JUSQU’À PRÉSENT, LES PERSONNES ATTEINTES SEMBLENT
TRAVAILLER OU VIVRE DANS UN PÉRIMÈTRE ASSEZ RESTREINT
AU CENTRE-VILLE. POURQUOI?
Cette bactérie peut voyager loin par le vent. Cependant, plus elle se déplace, plus
elle se dilue dans l’air, ce qui réduit le risque que les passants soient exposés à
une concentration importante. En effet, la seule façon de contracter la
légionellose est de respirer la bactérie présente sur de microscopiques
gouttelettes d’eau. Les données météo livrent des indices sur la source possible de
contamination, qui pourrait être éloignée du centre-ville. Chose sûre, la
concentration d’immeubles et la chaleur favorisent la présence des légionelles
plus longtemps dans l’air. Ces bactéries sont moins affectées que d’autres par les
rayons ultra-violets présents dans la lumière solaire et résistent mieux au
dessèchement. Elles sont aussi capables de parasiter les amibes, des protozoaires
que l’on trouve fréquemment dans l’eau, ce qui les protège. En respirant une
amibe, on peut se retrouver avec plein de légionelles dans les cellules de défense
du poumon.
COMMENT SE PROTÉGER DE CETTE BACTÉRIE SI COMMUNE DANS
L’ENVIRONNEMENT?
Cela passe surtout par l’entretien des systèmes de chauffe-eau et de climatisation.

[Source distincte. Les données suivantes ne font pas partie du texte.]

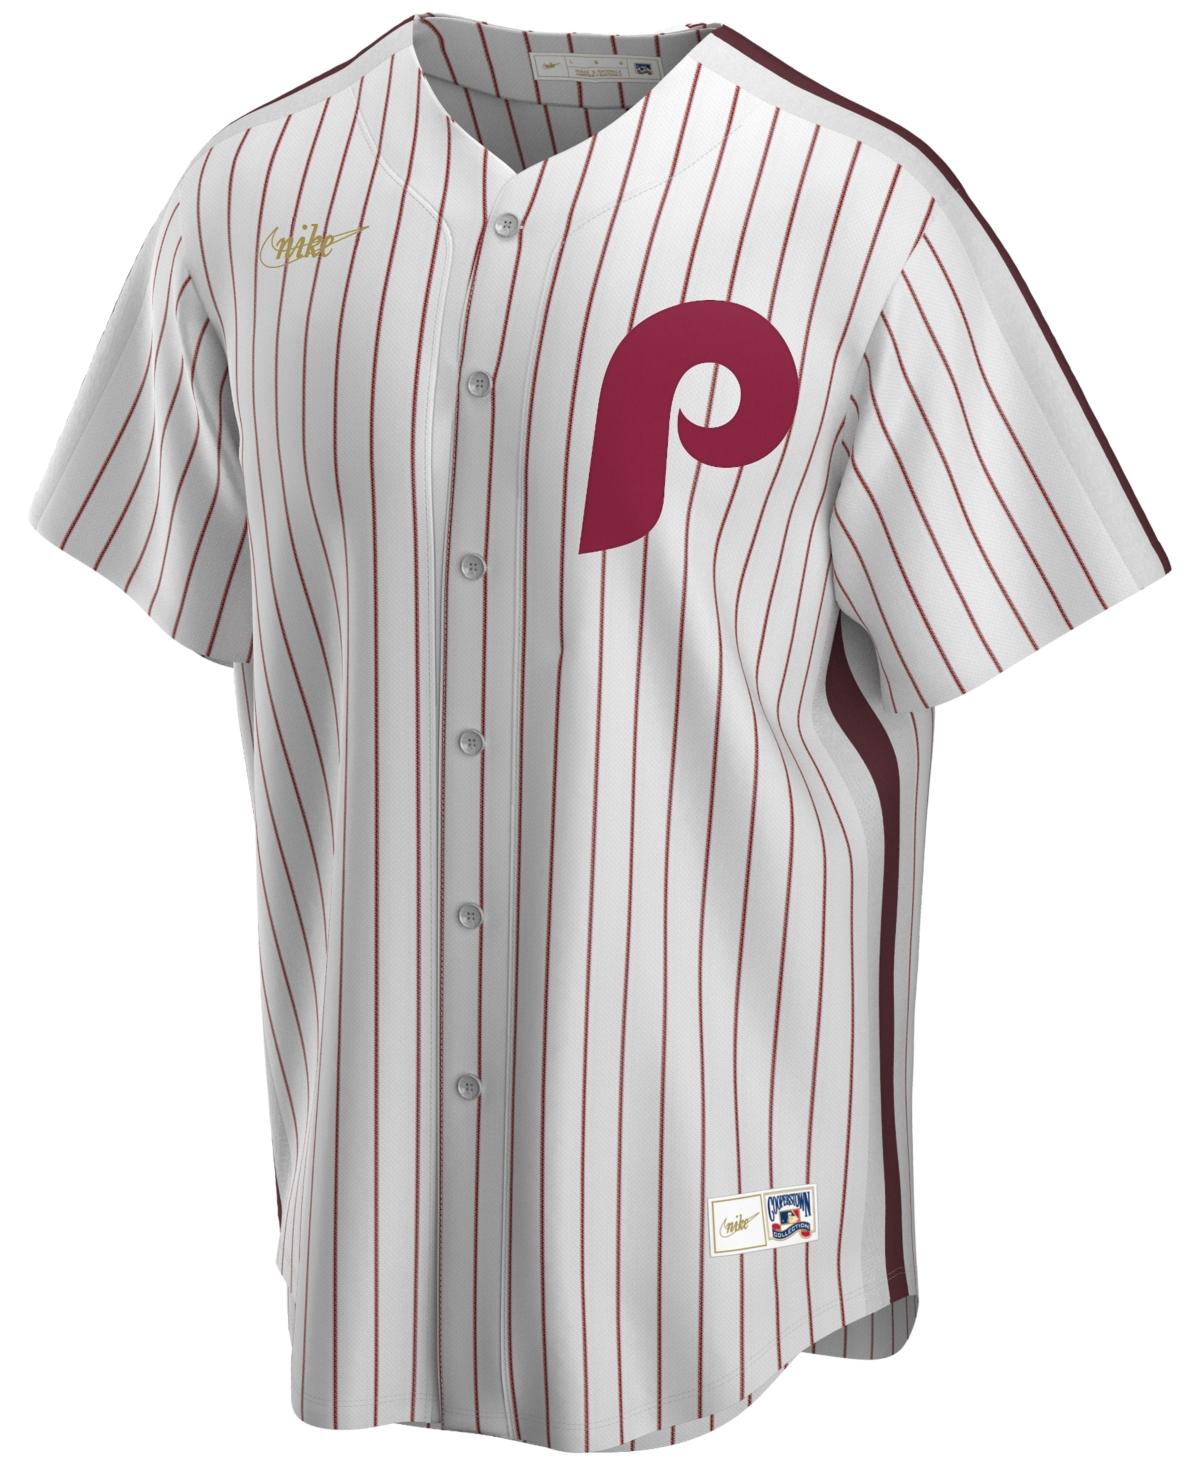 Men's Nike Mike Schmidt White Philadelphia Phillies Home Cooperstown  Collection Player Jersey

Il faut les entretenir rigoureusement, comme on le fait avec les humidificateurs à
la maison pour éviter les champignons et les maladies. On recommande donc de
tenir l’eau du chauffe-eau à plus de 60 degrés pour empêcher la bactérie de
proliférer. Dans le cas des tours de refroidissement des systèmes de climatisation,
où l’eau stagne, on doit non seulement les nettoyer avec des biocides, mais aussi
les brosser et les laver au jet d’eau pour s’assurer qu’elles ne cachent plus de
sources massives de bactéries. Il faut effectuer un suivi serré de ces systèmes. Il
existe aussi des normes quant à la quantité de légionelles qu’on peut tolérer dans
l’eau. Je ne sais pas si c’est vérifié. Ce genre de bactéries prolifère assez lentement
pour qu’un suivi régulier puisse le détecter. Il est donc très important de s’assurer
que l’eau reste saine. Les propriétaires des immeubles ont-ils effectué
régulièrement l’entretien de leurs tours de refroidissement? Je ne sais pas. Cette
affaire démontre qu’il est difficile d’avoir une emprise sur les maladies
transmissibles par l’air. Il faut vraiment travailler à la source pour éviter la
contamination et éliminer les conditions favorisant la prolifération de ces
bactéries.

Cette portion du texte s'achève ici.